House builders suffered intensively, with persimmon a big blue-chip drainer, down 3.5pc at 14 pounds 20 pence. The redrow fell 4pc to 663p and Bovis Homes retreated 10 pounds 45 pence to 3.6pc.

Running average, the pound soared on foreign exchange markets and yields on UK government debt bounced.

The Bank’s governor, Mervvn King, following year warned consumers about taking more money because the house hold debt had increased, nearly doubled since the year 1999, this stretching 150pc of people’s income.

Mervvn King also told people in November that policy makers might be looking for signs of any inflation.

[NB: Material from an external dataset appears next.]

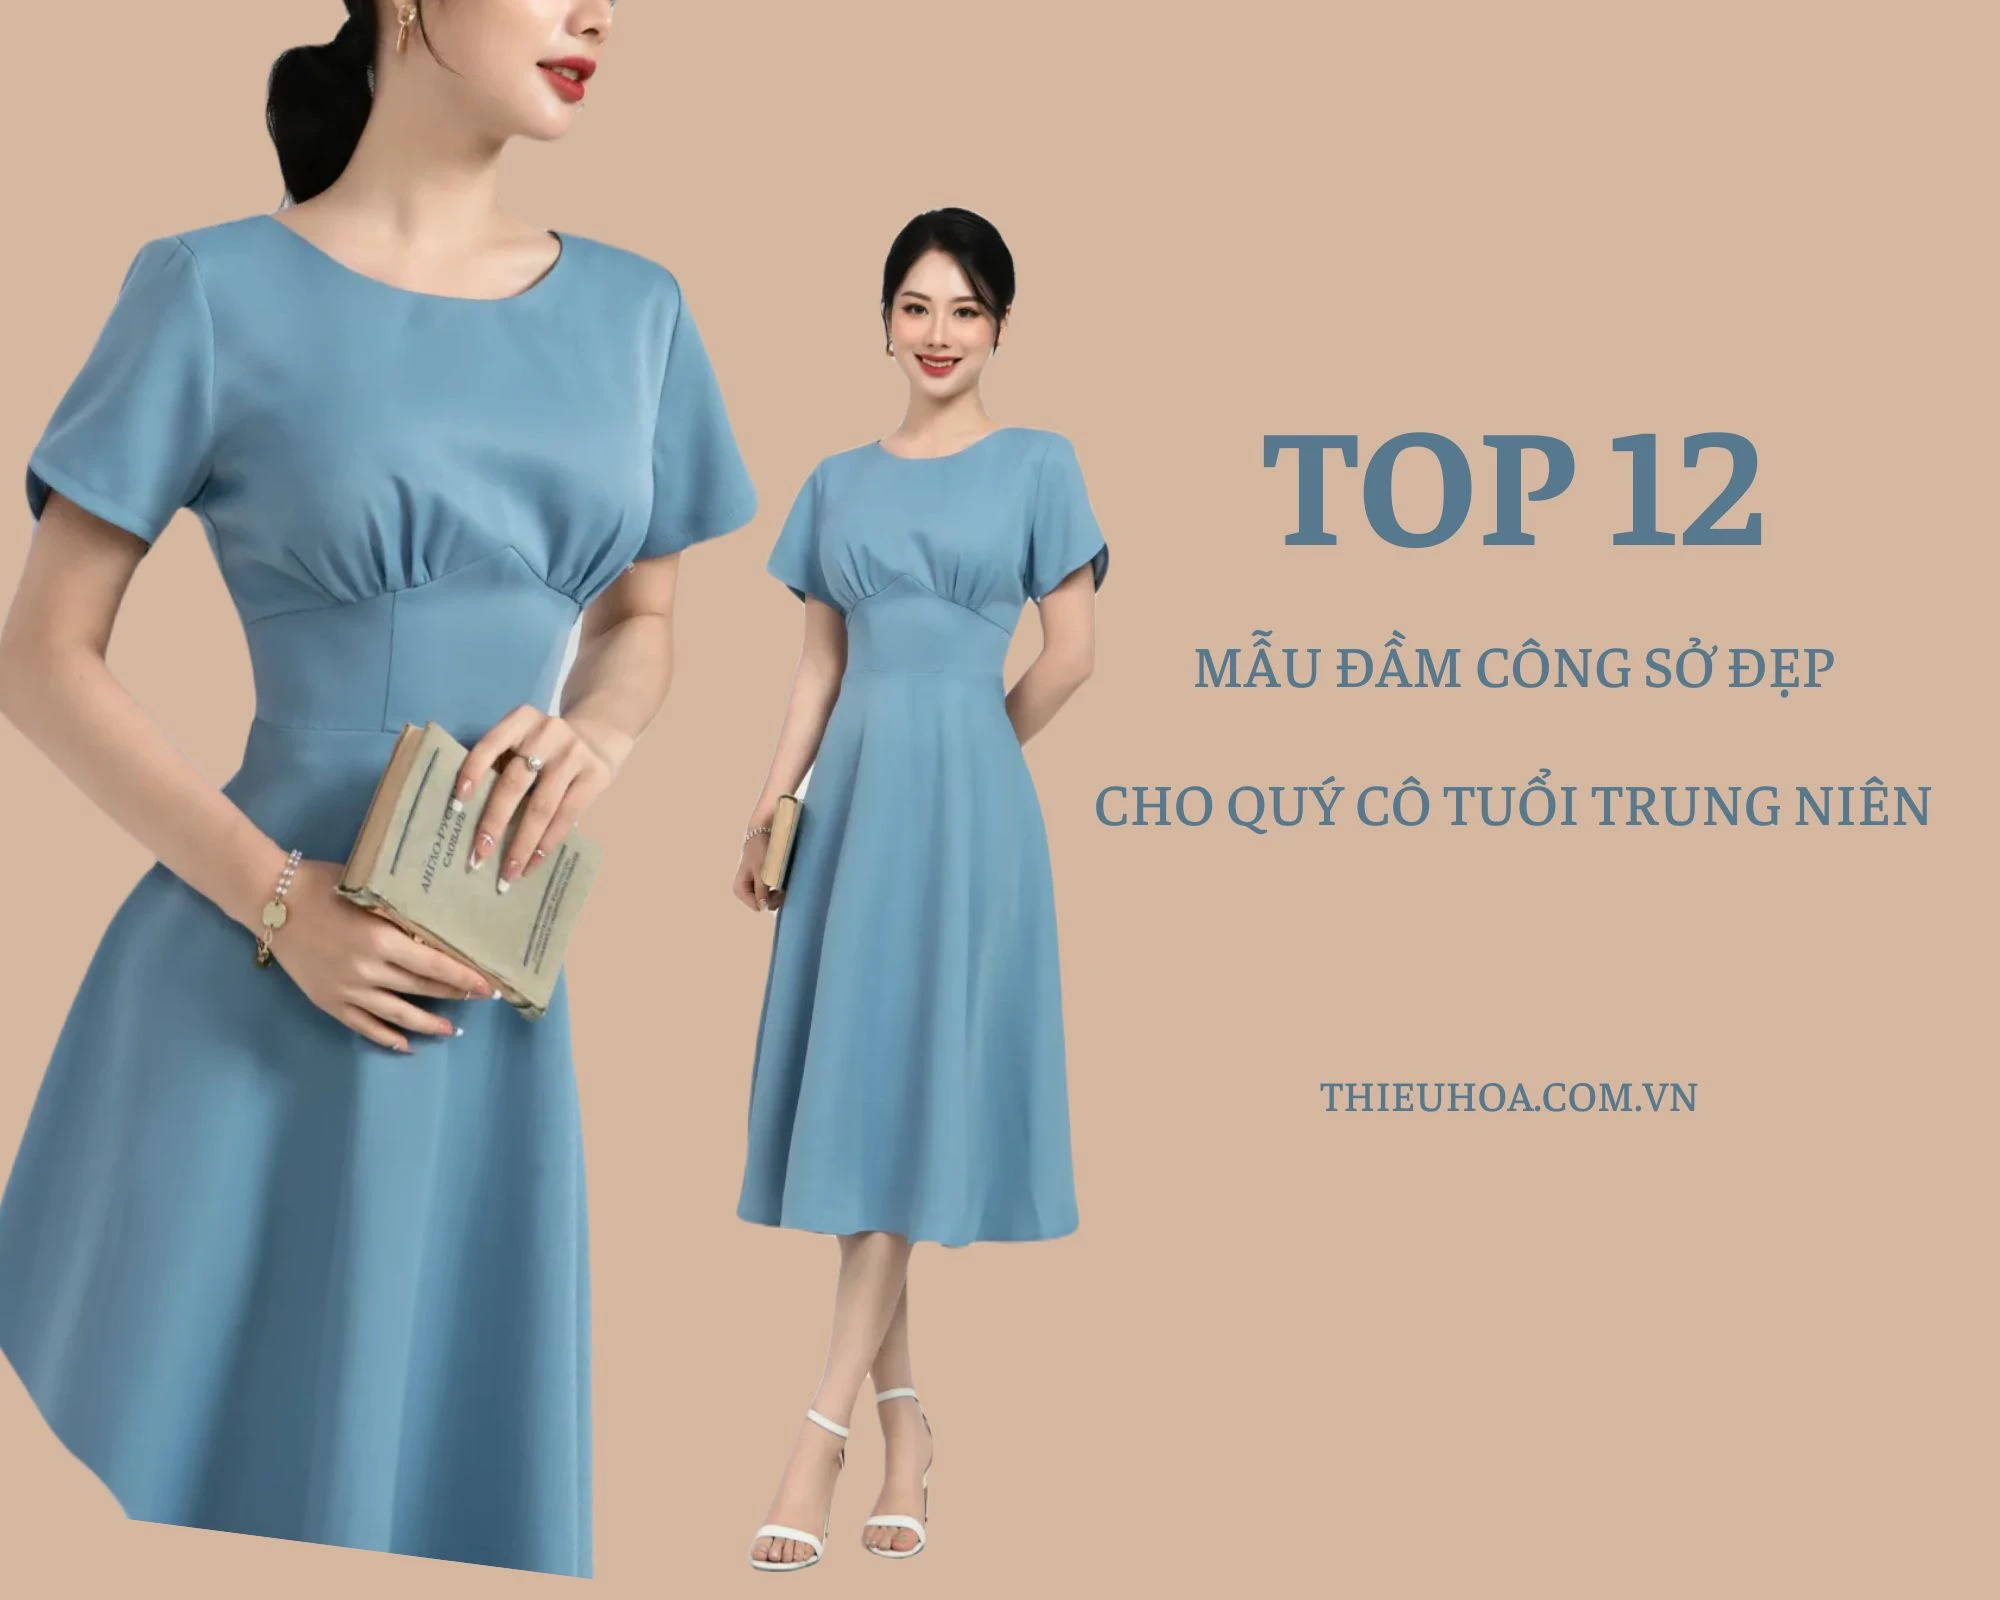 Top 12 mẫu đầm công sở đẹp ấn tượng cho quý cô tuổi trung niên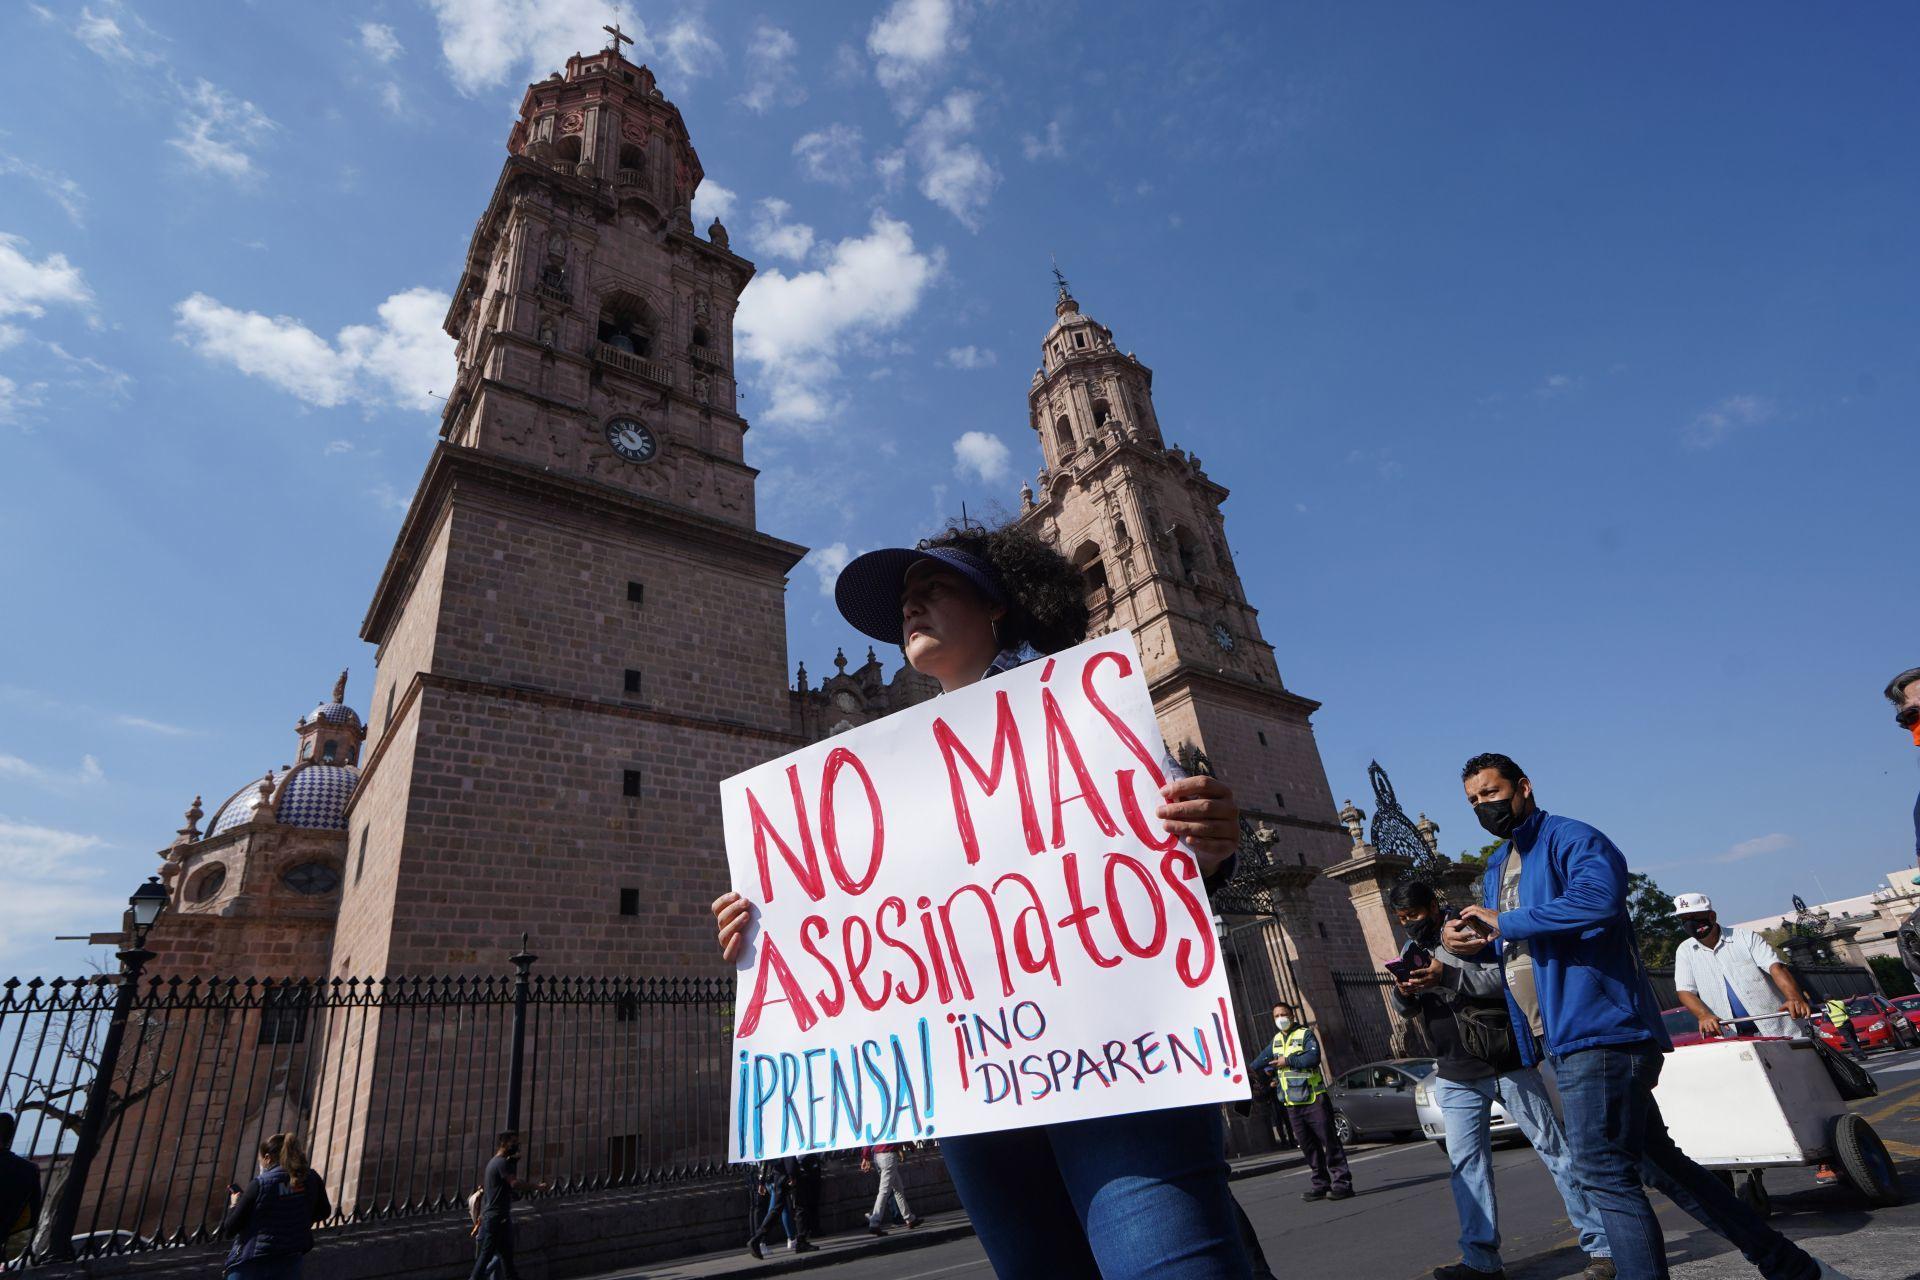 “Nuestra defensa era la pluma y una libreta”: Cierra el medio Monitor Michoacán tras asesinato de su director

Surveyed by Bloomberg all 52 economists before the agreement had expected the central bank to leave any rates standard. The Economists looked at different perceptions about whether a rise in interest rate was worth proceeding.

“This was a tough but wise decision. The MPC needed to stamp down on inflation given the upside risk at present.” Said Graeme Leach, he is a chief economist at the Institute of Directors.